The effect of clause 050.613, as amended, is to provide
that condition 8548 may be imposed on a Bridging General visa granted to a
person who meets the requirements of subclause 050.212(6A) or (8).
Item [11] – Schedule 2, subclause 050.613A(2)
This item amends subclause 050.613A(2) of Schedule 2 to
the Principal Regulations by inserting a reference to new condition 8548. New
condition 8548 is inserted in Schedule 8 to the Principal Regulations by item
[15] of this Schedule, below.
The effect of subclause 050.613A(2), as amended, is to
provide that condition 8548 may be imposed on a Bridging General visa granted
to certain applicants for a Protection visa.
Item [12] – Schedule 2, clause 050.614
This item amends clause 050.614 of Schedule 2 to the
Principal Regulations by inserting a reference to new condition 8548. New
condition 8548 is inserted in Schedule 8 to the Principal Regulations by item
[15] of this Schedule, below.
The effect of clause 050.614, as amended, is to provide
that condition 8548 may be imposed on a Bridging General visa granted to an
applicant who is not covered by any other clause in Division 050.6.
Item [13] – Schedule 2, clause 417.611
This item amends clause 417.611 of Schedule 2 to the
Principal Regulations by omitting references to conditions 8108 and 8201 and
inserting references to new conditions 8547 and 8548. New conditions 8547 and
8548 are inserted in Schedule 8 to the Principal Regulations by item [15] of
this Schedule, below.
The effect of clause 417.611, as amended, is to provide
that conditions 8547 and 8548 (and not conditions 8108 and 8201) are imposed on
a subclass 417 (Working Holiday) visa granted to an applicant who satisfies the
criteria.
Item [14] – Schedule 2, clause 462.611
This item amends clause 462.611 of Schedule 2 to the
Principal Regulations by omitting references to conditions 8108 and 8201 and
inserting references to new conditions 8547 and 8548. New conditions 8547 and
8548 are inserted in Schedule 8 to the Principal Regulations by item [15] of
this Schedule, below.
The effect of clause 462.611, as amended, is to provide
that conditions 8547 and 8548 (and not conditions 8108 and 8201) are imposed on
a subclass 462 (Work and Holiday) visa granted to an applicant who satisfies
the criteria.
Item [15] – Schedule 8, after clause 8546
This item inserts two new conditions in Schedule 8 (Visa
Conditions) to the Principal Regulations.
New condition 8547 requires that the holder of the
visa must not be employed by any one employer for more than 6 months, without
the prior written permission of the Secretary.
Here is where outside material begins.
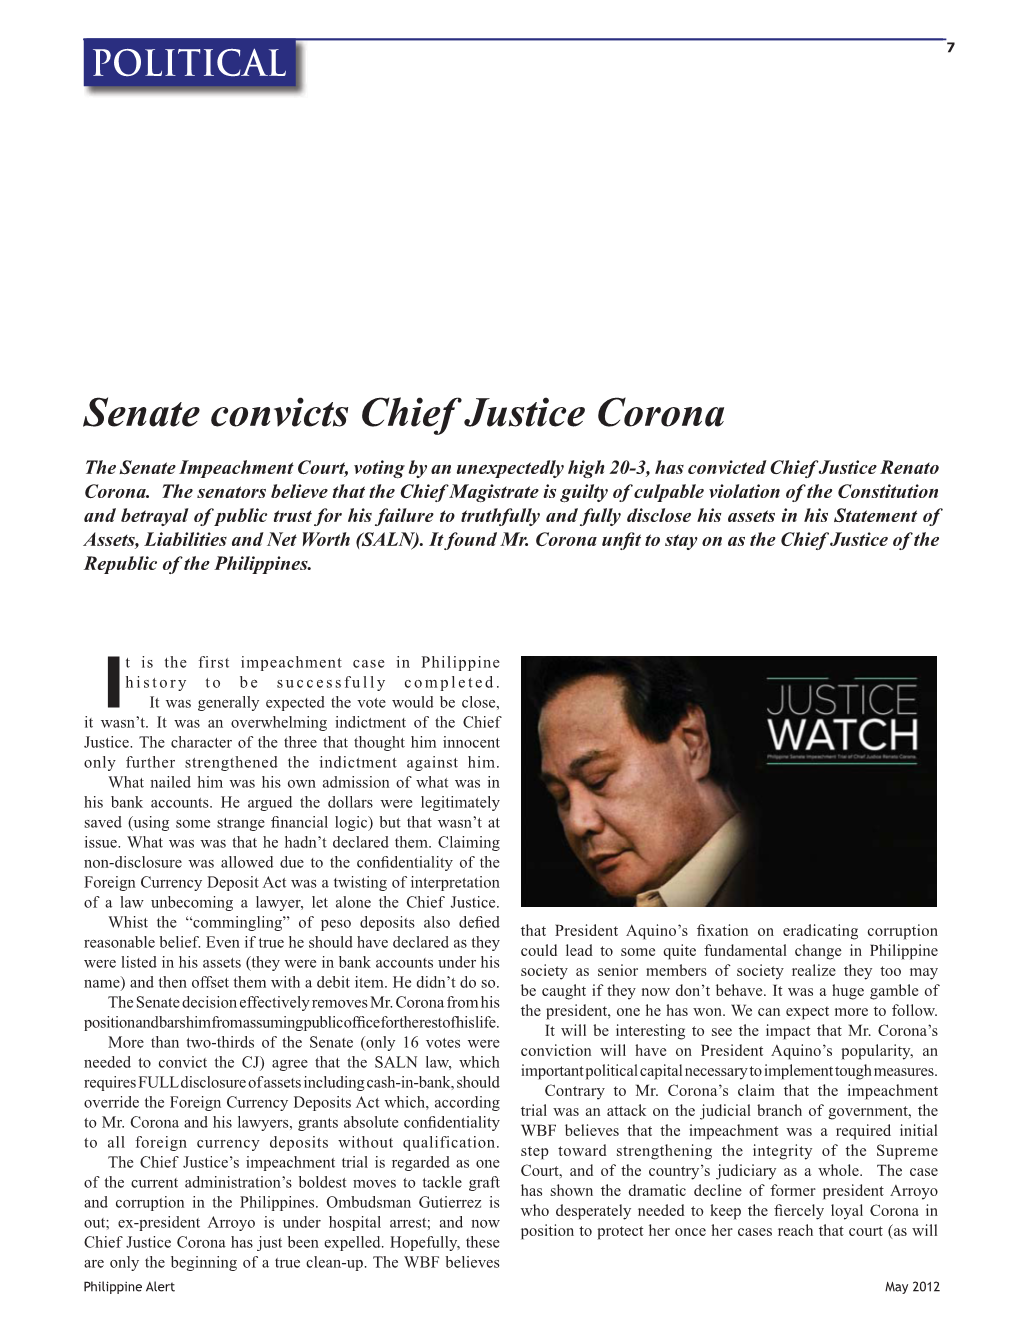 Senate Convicts Chief Justice Corona

New condition 8548 requires that the holder of the
visa must not engage in any studies or training in Australia for more than 4
months.
These two new conditions are imposed on subclass 417
(Working Holiday) and subclass 462 (Work and Holiday) visas granted
to applicants who satisfies the primary criteria by items [13] and [14] of this
Schedule, above. The effect of these conditions is to increase the time
holders of Subclass 417 and 462 visas may be employed by one employer in Australia,
and to increase the time that holders of these visas may engage in studies or
training in Australia.
Schedule 7 – Amendments
relating to the prescribed numbers of MRT and RRT members
Item [1] – Subregulation 4.22(2)
This item amends subregulation
4.22(2) of the Principal Regulations to replace the number “90” with the number
“110”.
The effect of this
amendment is that the prescribed maximum number of members (other than the
Principal or Senior Members) that may be appointed to the Migration Review
Tribunal in accordance with paragraph 395(c) of the Migration Act 1958
is increased from 90 to 110.
The purpose of this
amendment is to allow additional members to be appointed to the Migration
Review Tribunal to cope with increased workloads.
Item [2] – Subregulation 4.29
This item amends
regulation 4.29 of the Principal Regulations to replace the number “100” with
the number “120”.
The effect of this
amendment is that the prescribed maximum number of Senior Members and Members
that may be appointed to the Refuge Review Tribunal in accordance with
subsection 458(2) of the Migration Act 1958 is increased from 100 to
120.
The purpose of this amendment is to allow additional members
to be appointed to the Refugee Review Tribunal to cope with increased workloads.